Your objective:
With the exception of the pictures, transcribe the entire listing exactly.

The data:
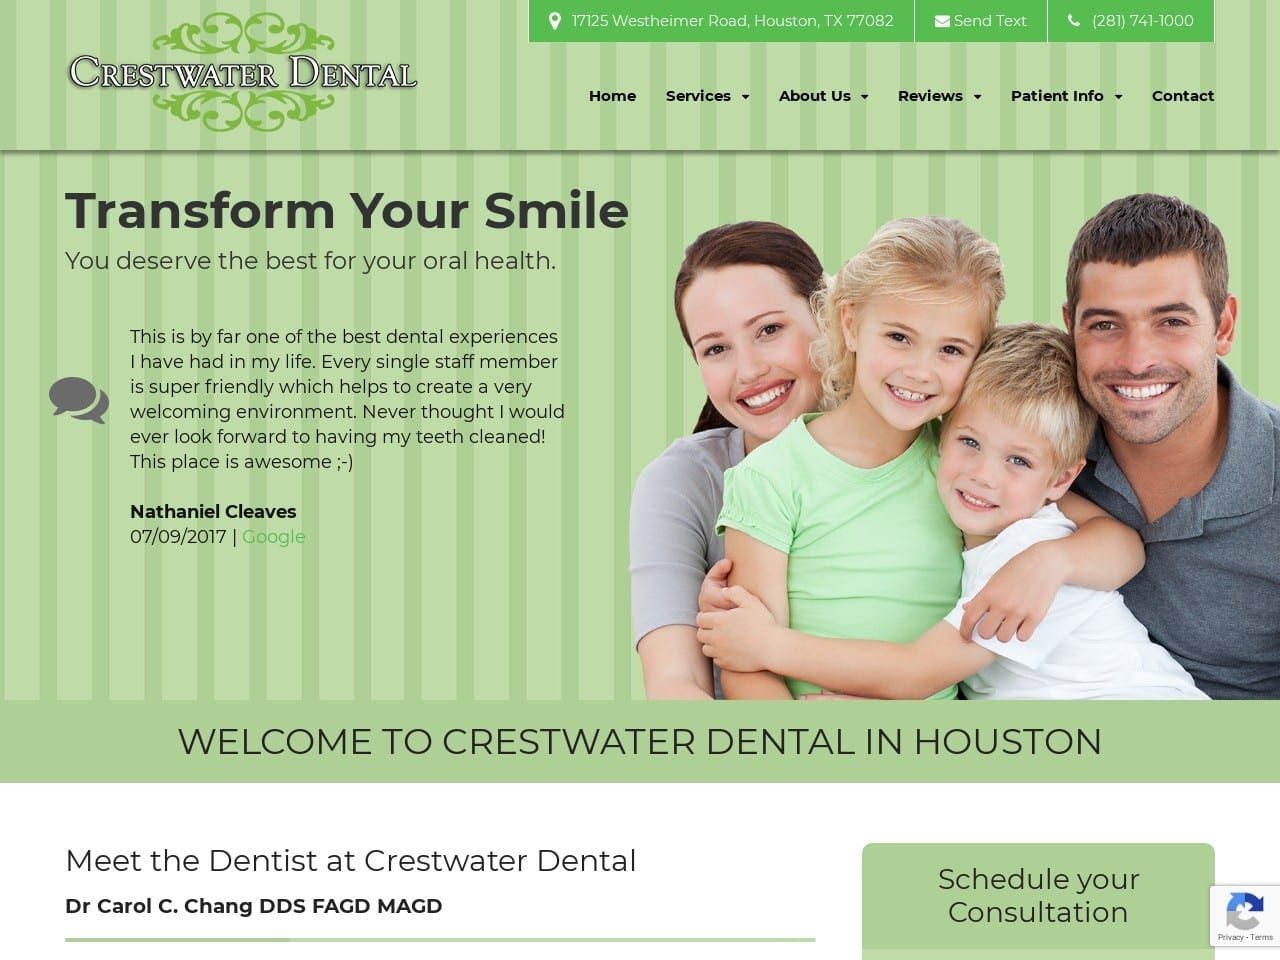 Crestwater Dental Dr Carol C. Chang DDS FAGD Website Screenshot from crestwaterdental.com
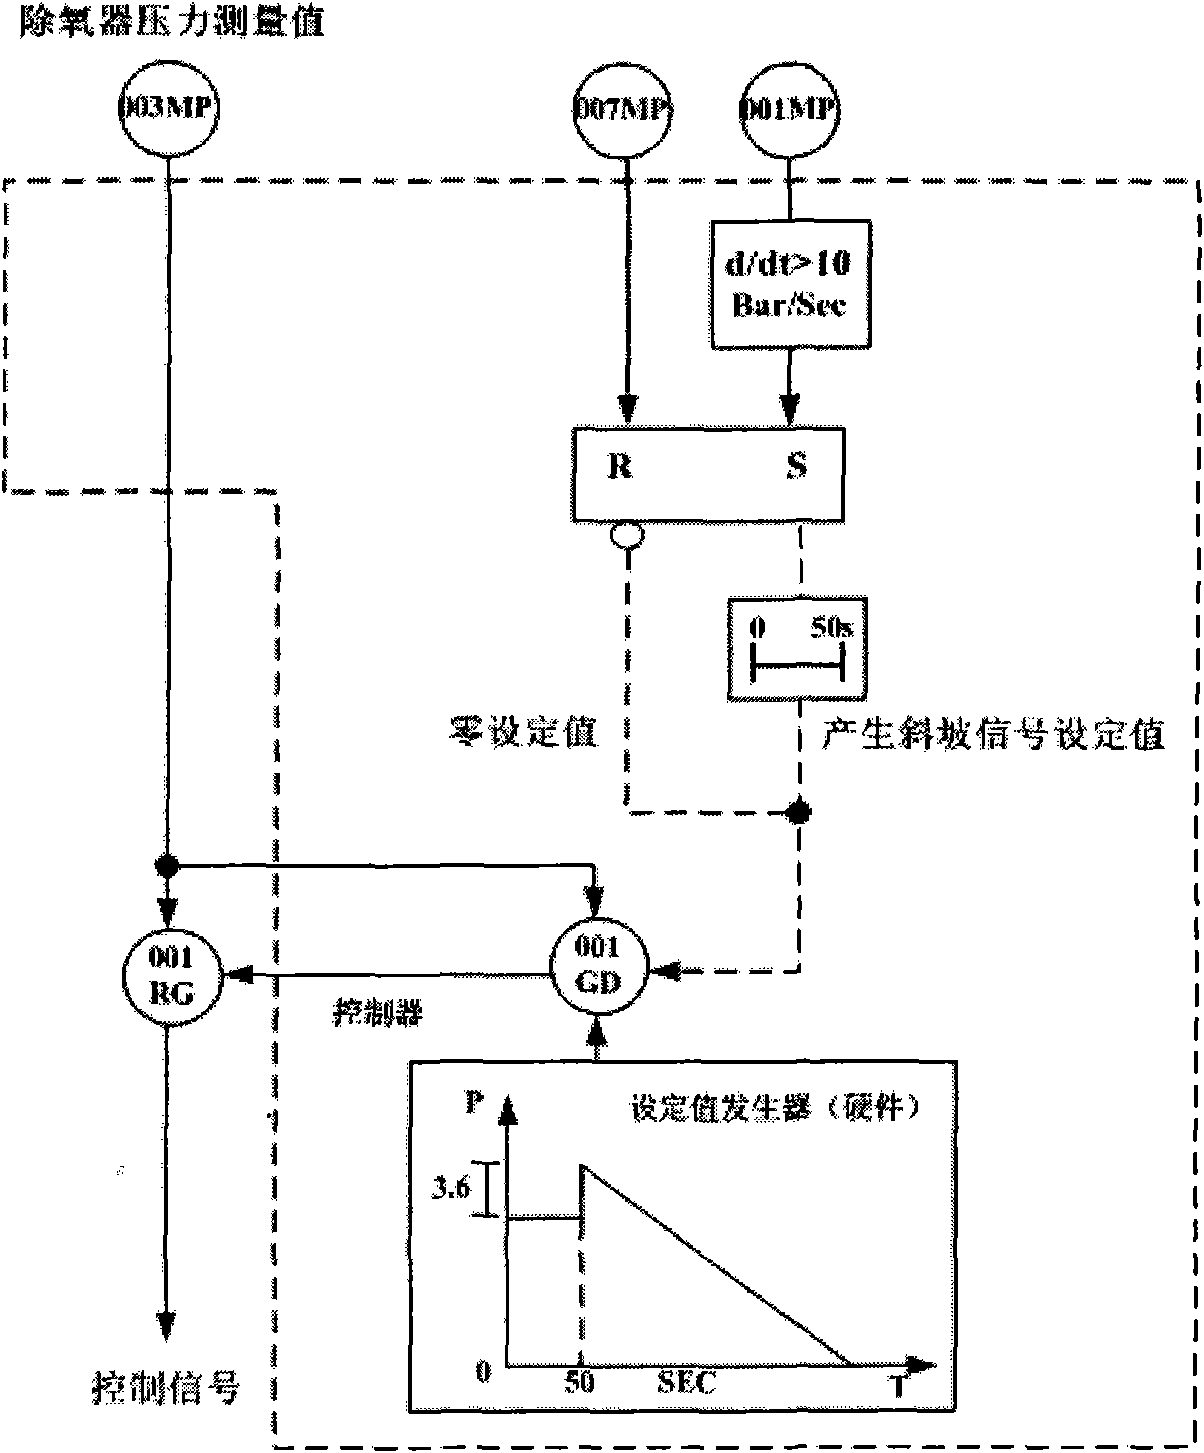 Digital computing method for pressure set value of deaerator of pressurized water reactor nuclear power station
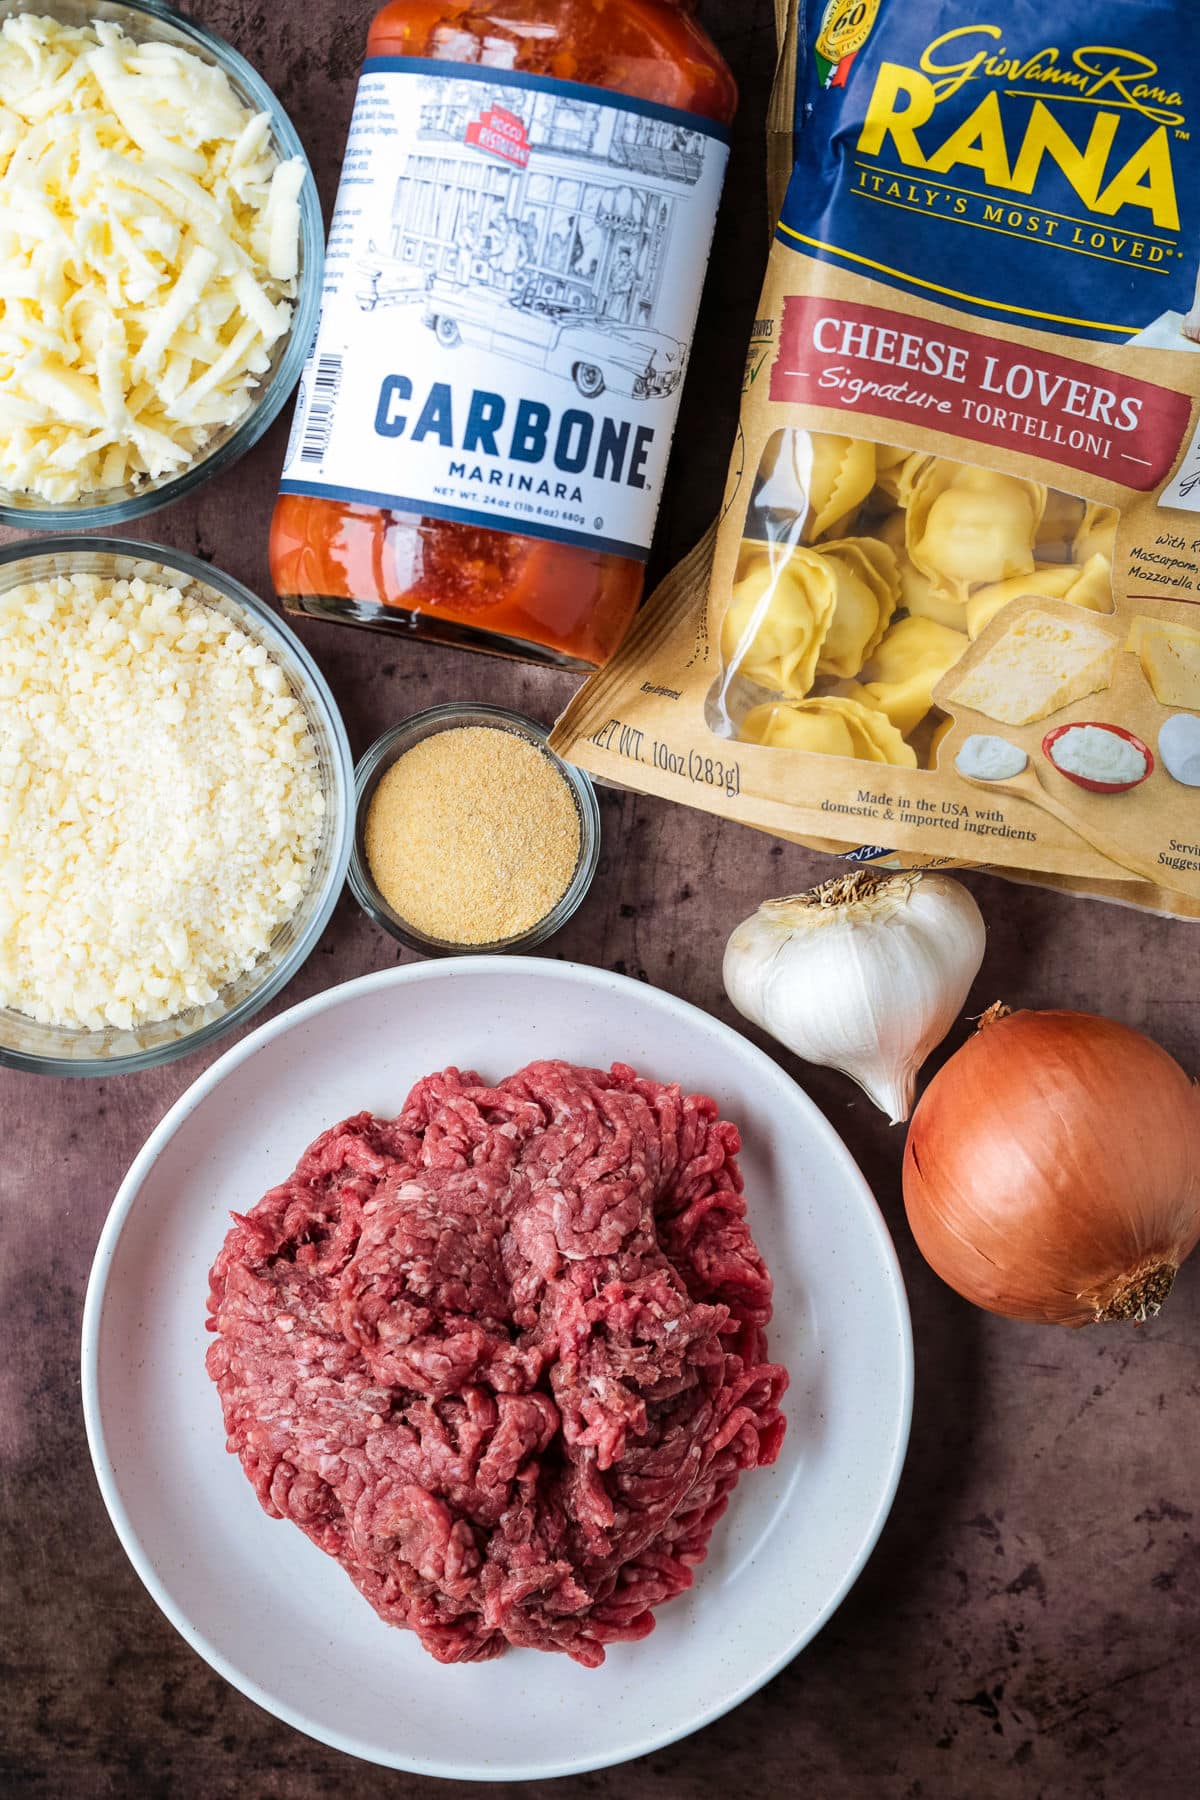 ingredients for making tortellini casserole

Answer to this problem:
 Crestwater Dental Dr Carol C. Chang DDS FAGD Website Screenshot from crestwaterdental.com
 Digital computing method for pressure set value of deaerator of pressurized water reactor nuclear power station
 ingredients for making tortellini casserole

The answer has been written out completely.